It’s 2am, you’re sleeping, and a flash flood hits your home. Without a warning system, what do you do?
By Spyros Schismenos, Garry Stevens and Nichole Georgeou
In March 2019, a powerful storm hit southern Nepal. Residents in the Bara and Parsa districts had little warning. They sheltered in huts made from mud and brick which collapsed in the wind and rain. At least 28 people died and more than 600 were injured.
The disaster shows how small, remote communities are extremely vulnerable to flash floods, storms and other water disasters. In particular, like many disadvantaged communities, people in these districts had no or limited access to electricity, and no flood alert systems were in place.
We are experts in “humanitarian engineering”, an emerging research field that seeks engineering solutions for populations in great need.
Our recent research identifies the types of communities at most risk of damage from water disasters, including in Australia. It also suggests how local renewable energy generators can electrify disadvantaged communities and help power vital early warning systems.
A global problem
According to the World Bank, 1.47 billion people are directly exposed to the risk of intense flooding, and more than a third of them are poor and face grave, long-term consequences. What’s more, climate change is making such disasters worse.
The impacts of water disasters are greatest in remote, low-income communities where inadequate infrastructure, poor governance and lack of emergency services is common.
Many of these communities have no access to electricity. Aside from leading to poor health, productivity and living standards, a lack of electricity means few effective early warning systems.
When a flash flood hits a remote riverside village at 2am, with no alerts in place, the results can be devastating.
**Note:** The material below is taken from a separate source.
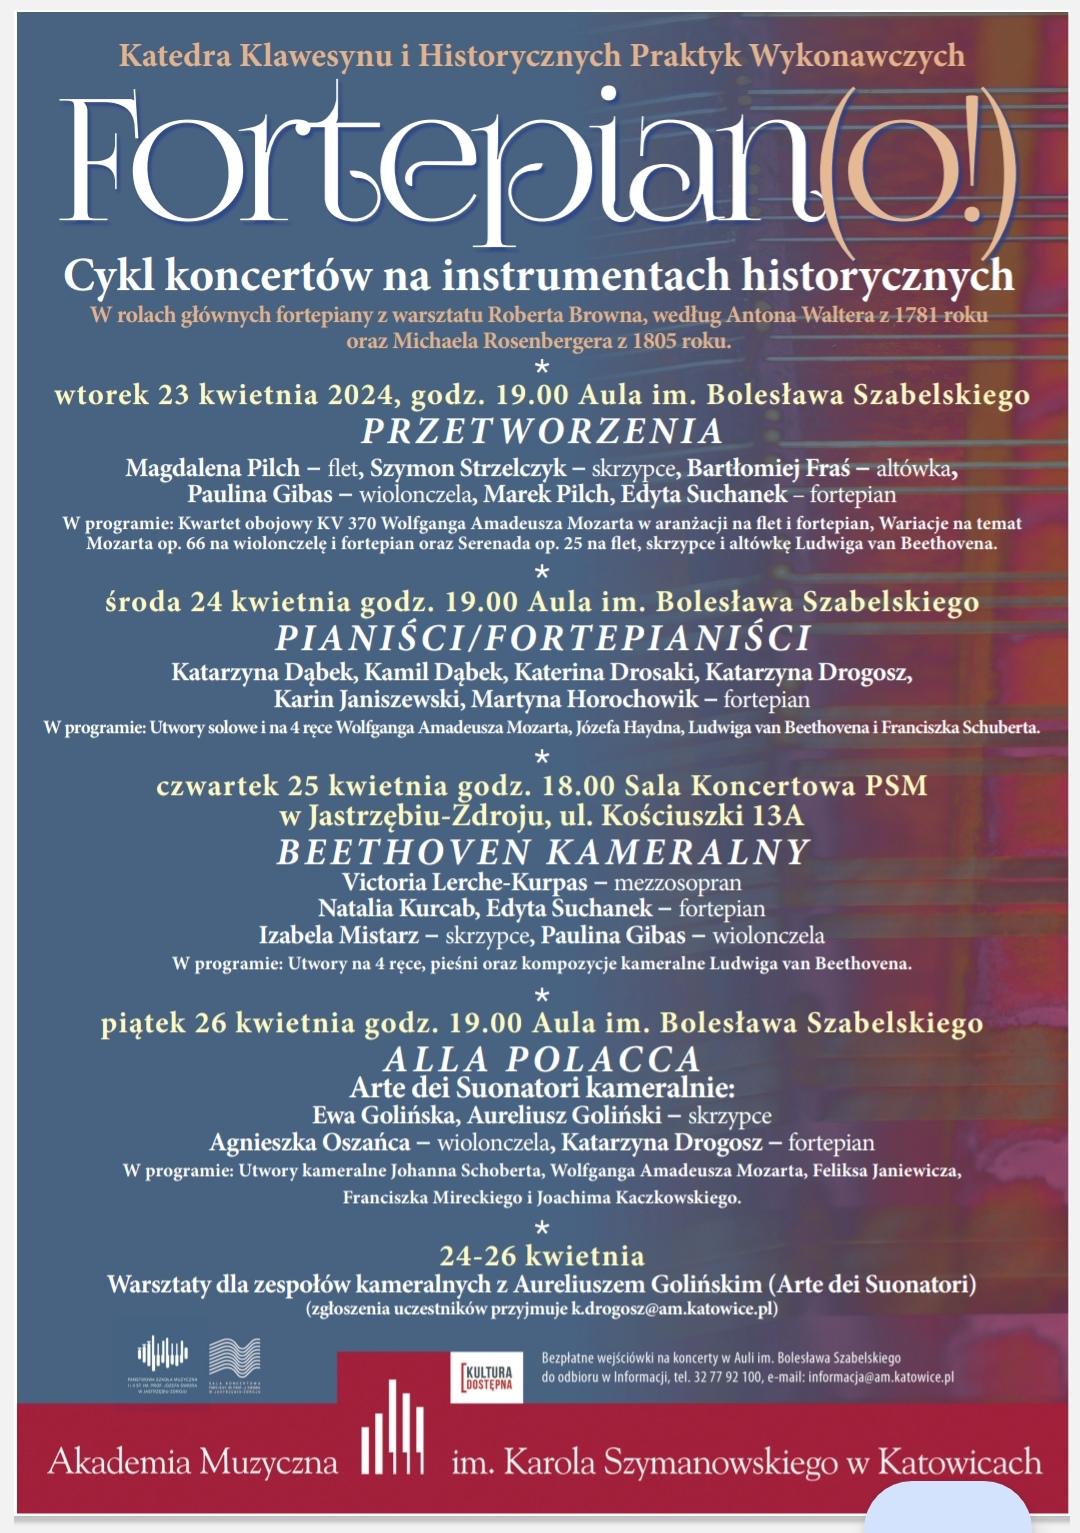 Plakat na Festiwal Fortepiano AM w Katowicach

For example in Afghanistan in August last year, a flash flood at night flattened homes and killed more than 100 people, including children.
Closer to home
In Australia, natural hazard statistics showed that between 1900 and 2015, floods were the second-biggest killer, second only to heatwaves.
We should note here that flood-affected communities in Australia differ in significant ways to poor, remote communities overseas. First, many flood death victims in Australia were aware of the flood, and many died when attempting to cross a bridge or flooded road. And most communities in Australia have far better resources to withstand and build back after floods.
However in Australia, as overseas, the public is not always fully aware of the potential magnitude of a flood. For example, in 2011 the Bureau of Meteorology reportedly predicted a flash flood in Toowoomba about an hour before the torrent hit, but did not include the information in its public warning.
And the same year, an official review found Victoria’s flood warning system needed improving. Flood risk assessment too often fell to under-resourced local governments, and should be “better tailored to meet local requirements”, the report said.
In Australia as elsewhere, a lack of electricity supplies can also pose problems after a flood. For example in 2017, Tropical Cyclone Debbie left thousands of people in Mackay and the Whitsundays with no electricity or clean water.
A win-win solution?
Our research has examined engineering interventions to both improve the social and economic well-being of vulnerable populations, and improve their ability to withstand disaster.
In particular, we’re developing small, low-cost solar or hydropower units, combined with flood warning systems. These hybrid units have the potential to meet both everyday power needs and emergency needs such as sirens and evacuation lights.
Here’s how it would work. Small hydropower units in a river, or solar panels nearby, would generate constant electricity. Sensors detecting water level and flow would be attached to the units. When critical conditions were identified, an alert system such as sirens or lights would go off, warning residents of the danger.
Such systems would function as off-grid renewable energy generators for communities without regular access to electricity, including in Australia. They would also serve as a backup to Australia’s main energy and flood response systems.
We are working with the Sunkoshi Rural Municipality in Nepal to test the feasibility of a hybrid system. We’ve also begun discussions with communities in Brazil, Guatemala and Greece on integrating community solar panels with warning systems to cover both daily and disaster response needs.
A word of caution
Small renewable energy systems could be a game-changer for some disadvantaged populations, but they are not a silver bullet.
Vulnerable communities require resources to keep the systems running. For example, renewable energy projects in Sub-Saharan Africa have been found to fail, or not perform well in the long-term, due to bad management and planning, poor maintenance and a failure to involve local stakeholders.
And energy systems that are expensive, foreign to local know-how or complex are unlikely to attract long-term involvement from residents.
It’s important that such solutions are community-led and put local needs at the core of decision-making. And such interventions can only be successful alongside strong climate action and sustainable socio-economic development, to help mitigate the effects of disasters.